• **Try it**:
If a line in the entries includes "color", show that line.

(Beginning of Data section)

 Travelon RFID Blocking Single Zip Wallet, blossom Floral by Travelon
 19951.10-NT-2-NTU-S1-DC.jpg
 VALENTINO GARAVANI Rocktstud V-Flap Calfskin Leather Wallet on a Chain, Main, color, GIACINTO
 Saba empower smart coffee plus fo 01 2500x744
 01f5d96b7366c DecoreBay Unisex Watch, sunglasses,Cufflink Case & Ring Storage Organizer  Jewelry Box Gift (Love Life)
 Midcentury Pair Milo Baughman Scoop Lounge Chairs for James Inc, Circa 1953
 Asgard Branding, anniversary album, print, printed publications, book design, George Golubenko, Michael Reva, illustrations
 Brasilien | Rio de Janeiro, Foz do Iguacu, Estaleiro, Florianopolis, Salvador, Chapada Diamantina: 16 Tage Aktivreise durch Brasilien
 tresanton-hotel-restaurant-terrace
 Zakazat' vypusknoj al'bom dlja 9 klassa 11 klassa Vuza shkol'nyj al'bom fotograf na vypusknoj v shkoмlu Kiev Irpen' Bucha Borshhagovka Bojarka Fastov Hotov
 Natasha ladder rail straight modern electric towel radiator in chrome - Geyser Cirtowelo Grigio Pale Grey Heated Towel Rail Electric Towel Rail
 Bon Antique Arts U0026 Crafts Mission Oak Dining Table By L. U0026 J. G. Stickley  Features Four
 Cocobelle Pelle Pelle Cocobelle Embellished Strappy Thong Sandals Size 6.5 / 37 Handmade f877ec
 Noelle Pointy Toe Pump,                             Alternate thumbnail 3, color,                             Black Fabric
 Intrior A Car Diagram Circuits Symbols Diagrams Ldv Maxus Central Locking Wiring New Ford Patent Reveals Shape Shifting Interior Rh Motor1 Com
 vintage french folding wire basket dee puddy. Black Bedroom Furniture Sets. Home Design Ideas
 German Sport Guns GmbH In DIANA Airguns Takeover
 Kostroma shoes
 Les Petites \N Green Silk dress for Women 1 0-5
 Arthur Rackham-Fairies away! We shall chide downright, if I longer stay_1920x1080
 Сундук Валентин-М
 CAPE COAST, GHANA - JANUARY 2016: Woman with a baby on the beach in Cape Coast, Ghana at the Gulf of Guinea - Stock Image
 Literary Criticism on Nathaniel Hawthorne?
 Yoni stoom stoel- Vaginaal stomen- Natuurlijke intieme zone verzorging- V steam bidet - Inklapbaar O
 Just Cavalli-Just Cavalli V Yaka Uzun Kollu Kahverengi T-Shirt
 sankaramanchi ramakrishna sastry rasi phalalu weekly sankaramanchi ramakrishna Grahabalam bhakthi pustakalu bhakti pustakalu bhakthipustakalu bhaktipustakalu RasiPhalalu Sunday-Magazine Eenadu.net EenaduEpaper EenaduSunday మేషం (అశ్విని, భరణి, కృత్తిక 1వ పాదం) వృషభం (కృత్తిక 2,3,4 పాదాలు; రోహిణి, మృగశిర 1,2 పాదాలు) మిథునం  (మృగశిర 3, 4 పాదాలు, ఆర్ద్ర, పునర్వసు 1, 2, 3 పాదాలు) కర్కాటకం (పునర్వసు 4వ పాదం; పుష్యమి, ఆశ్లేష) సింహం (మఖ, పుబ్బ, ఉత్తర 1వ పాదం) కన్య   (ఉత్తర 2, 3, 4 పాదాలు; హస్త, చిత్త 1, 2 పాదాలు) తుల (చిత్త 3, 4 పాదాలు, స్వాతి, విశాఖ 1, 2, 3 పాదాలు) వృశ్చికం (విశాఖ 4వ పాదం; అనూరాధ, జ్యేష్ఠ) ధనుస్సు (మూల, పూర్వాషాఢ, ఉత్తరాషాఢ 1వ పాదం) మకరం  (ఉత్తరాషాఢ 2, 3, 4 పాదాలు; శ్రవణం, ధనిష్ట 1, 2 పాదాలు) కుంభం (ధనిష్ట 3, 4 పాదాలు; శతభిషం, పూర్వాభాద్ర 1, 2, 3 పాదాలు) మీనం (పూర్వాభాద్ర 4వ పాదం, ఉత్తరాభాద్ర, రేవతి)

(End of Data section)

• **Completed task**:
 VALENTINO GARAVANI Rocktstud V-Flap Calfskin Leather Wallet on a Chain, Main, color, GIACINTO
 Noelle Pointy Toe Pump,                             Alternate thumbnail 3, color,                             Black Fabric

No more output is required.